◆ Required work
Each line below should be repeated exactly, but no picture should be carried over.

◆ Supplied material
....

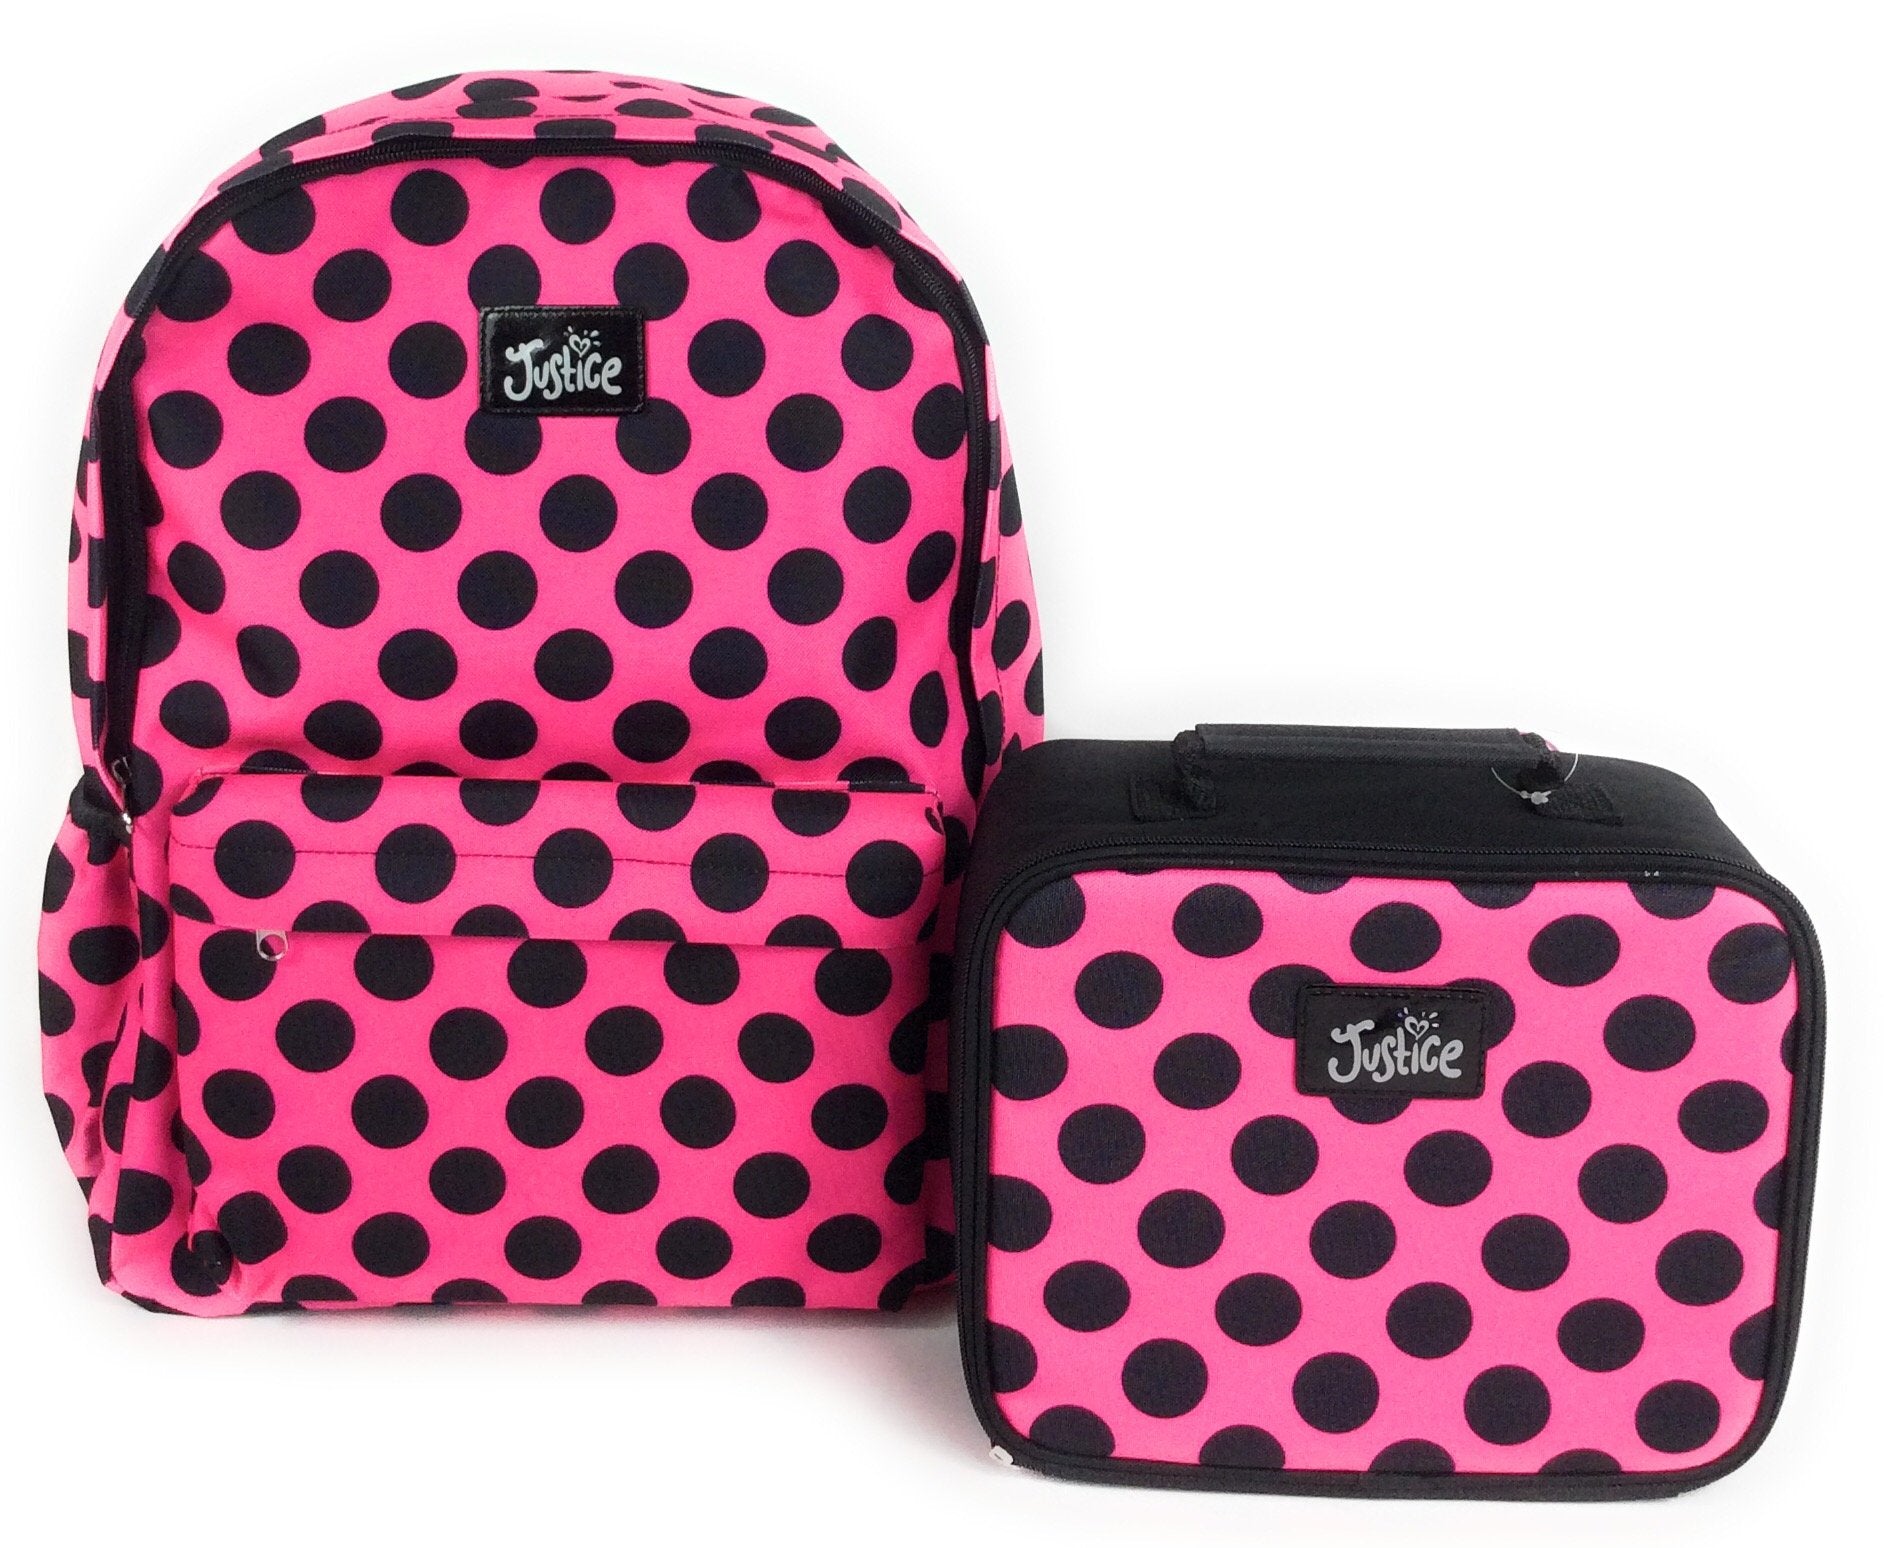 A pink PU fashionable dot print combination backpack backpack for
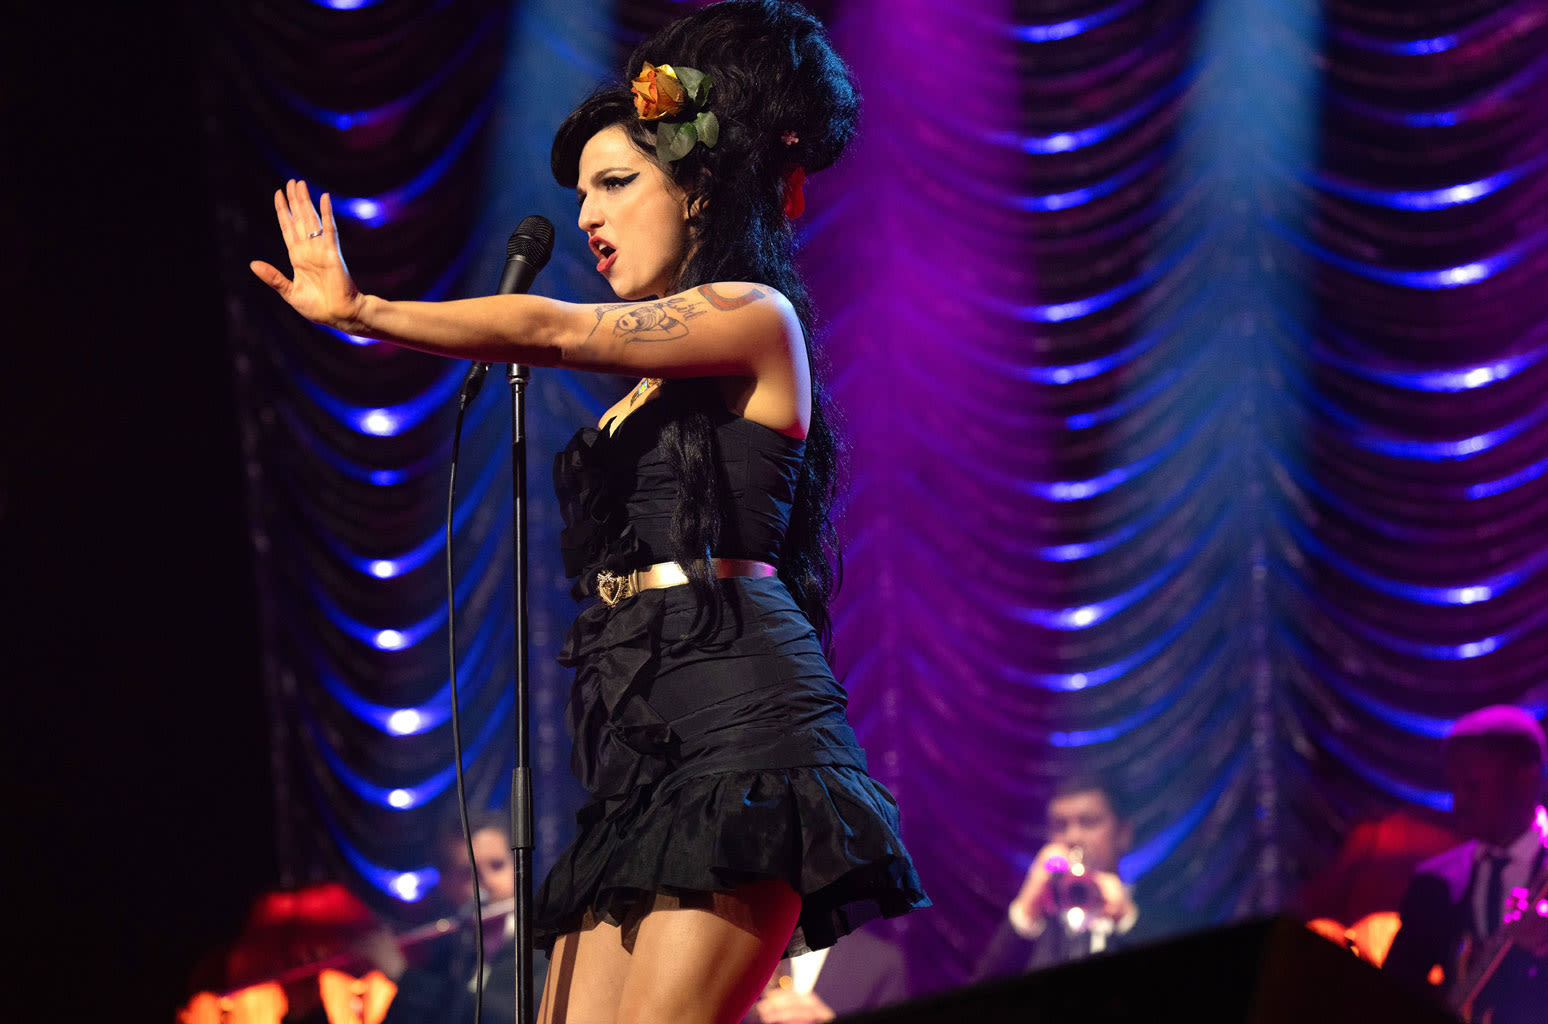 ‘Back to Black’ Music Supervisor Iain Cooke Opens Up About Capturing Amy Winehouse’s Musical Essence: ‘She’s a Classic Forevermore’
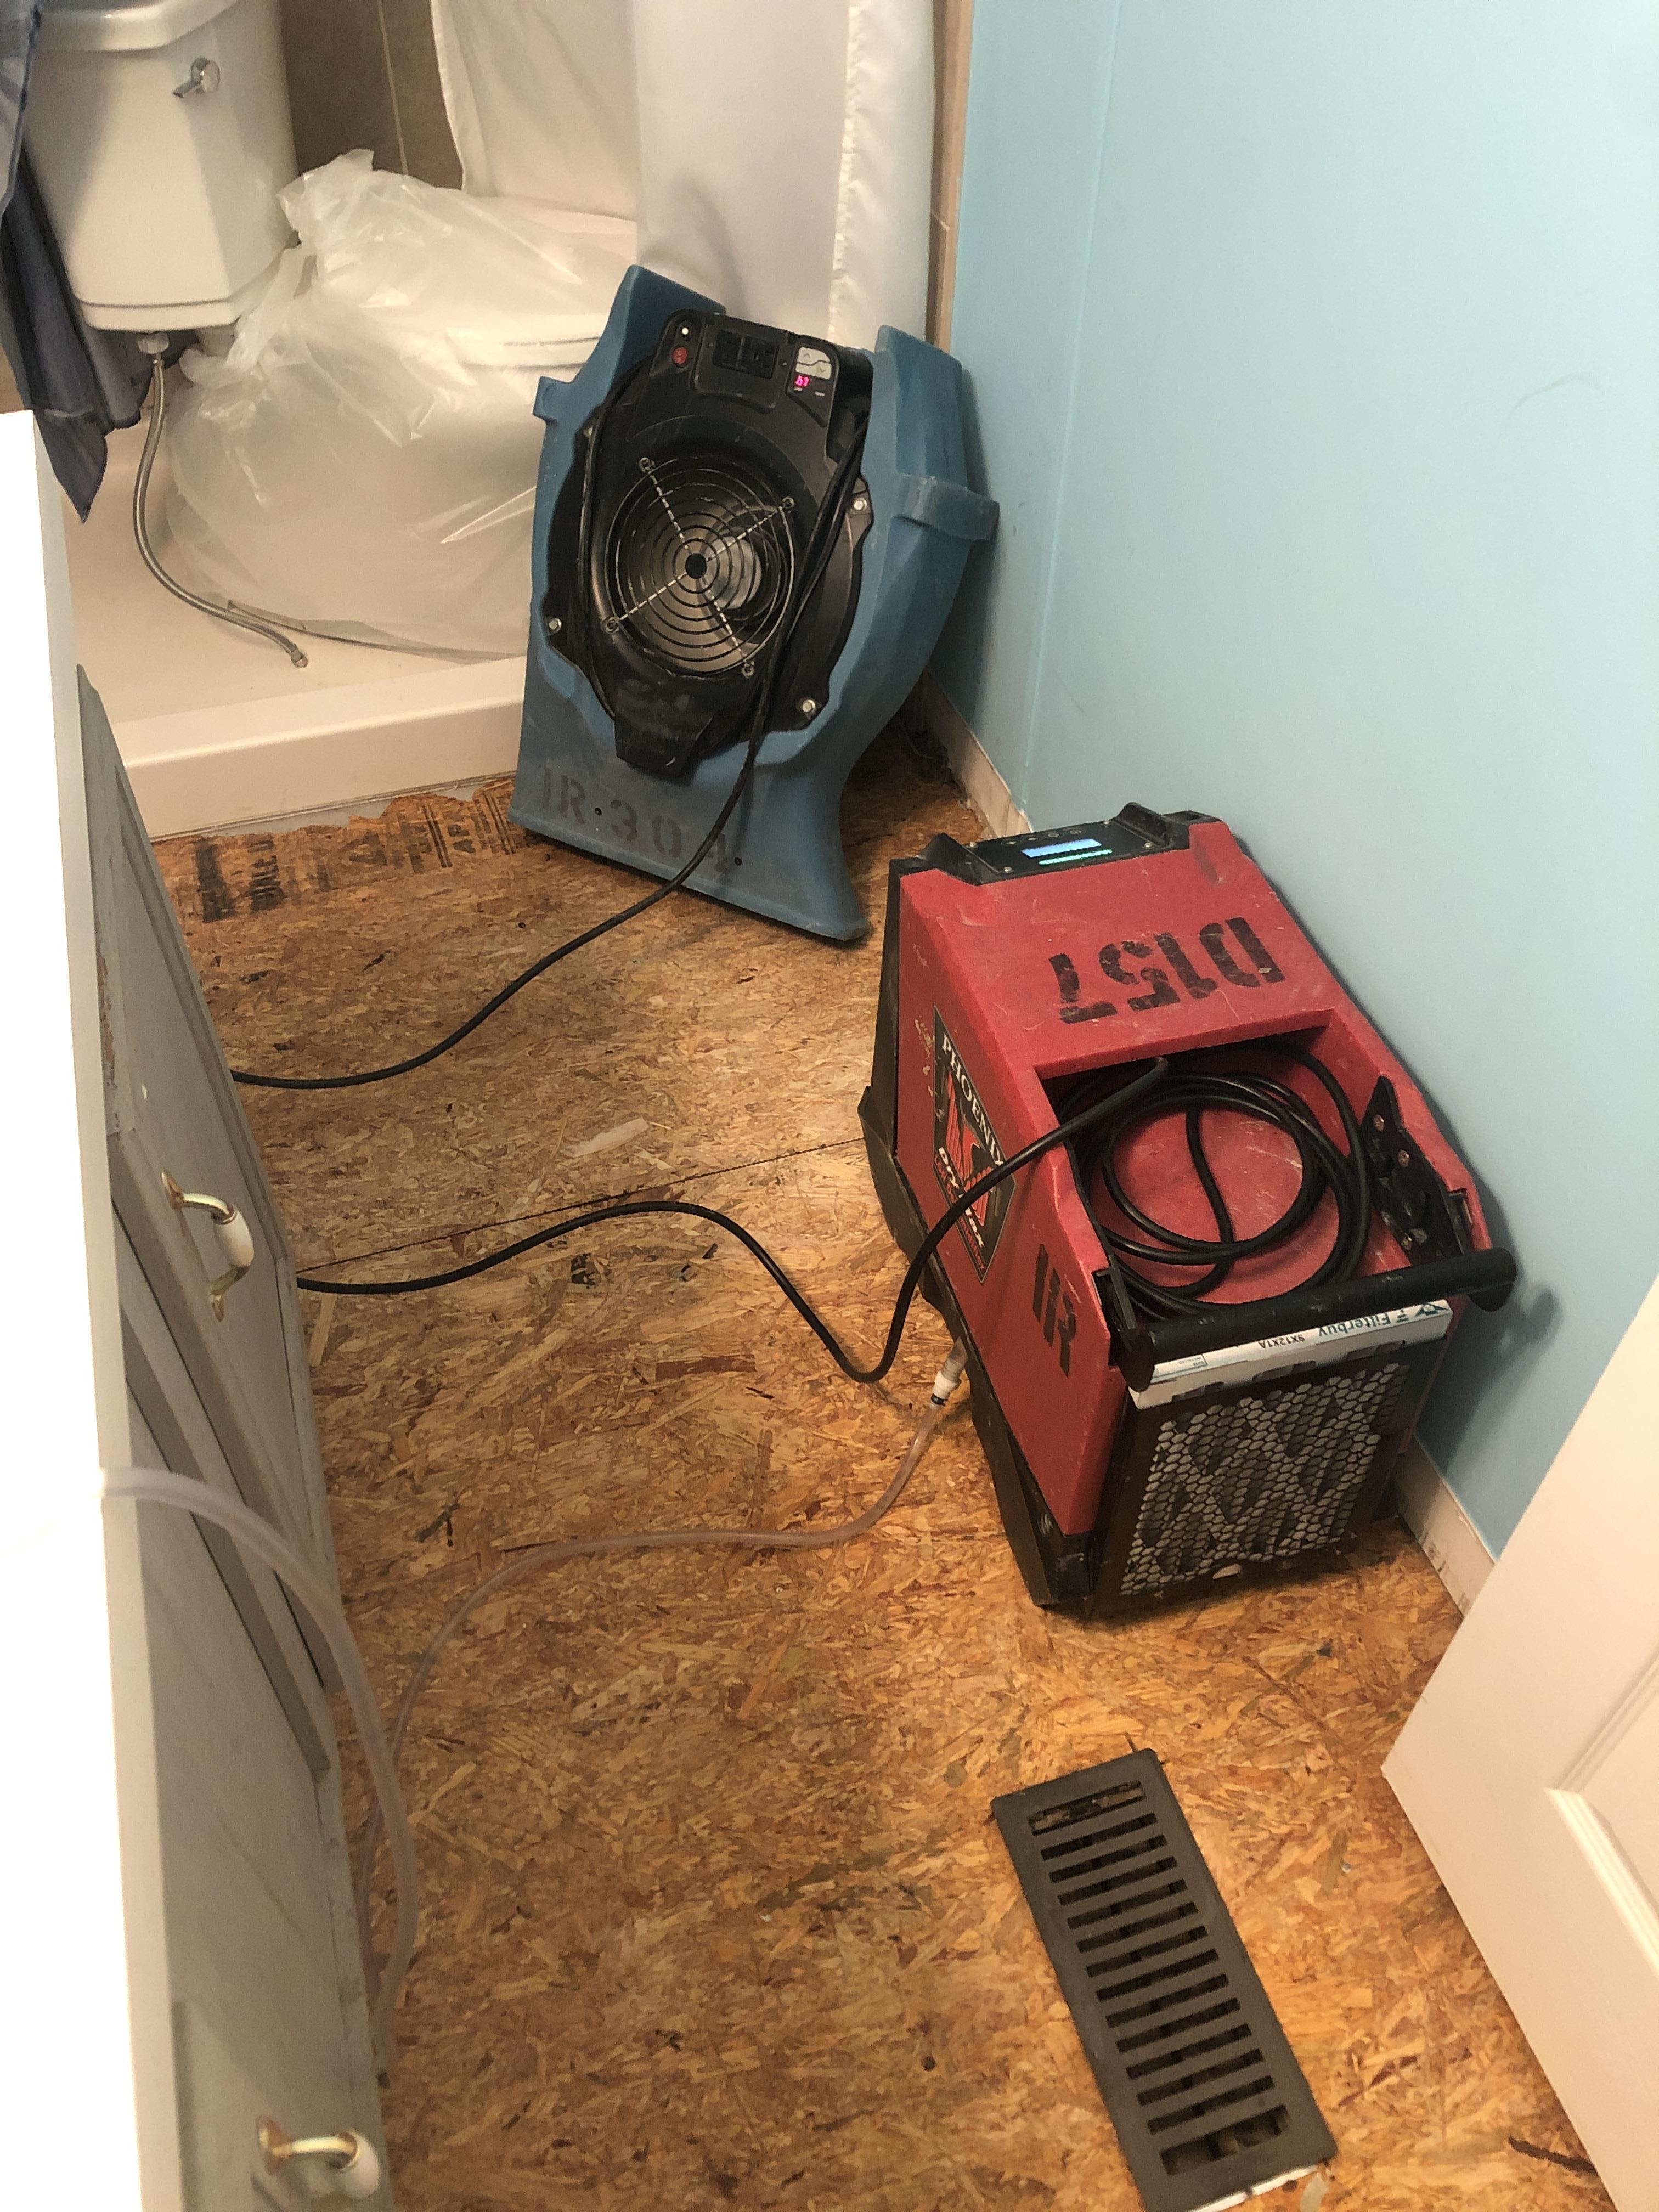 Dehumidifier and air dryer pulling the moisture out of the floor

....

◆ Response to this exercise
 A pink PU fashionable dot print combination backpack backpack for
 ‘Back to Black’ Music Supervisor Iain Cooke Opens Up About Capturing Amy Winehouse’s Musical Essence: ‘She’s a Classic Forevermore’
 Dehumidifier and air dryer pulling the moisture out of the floor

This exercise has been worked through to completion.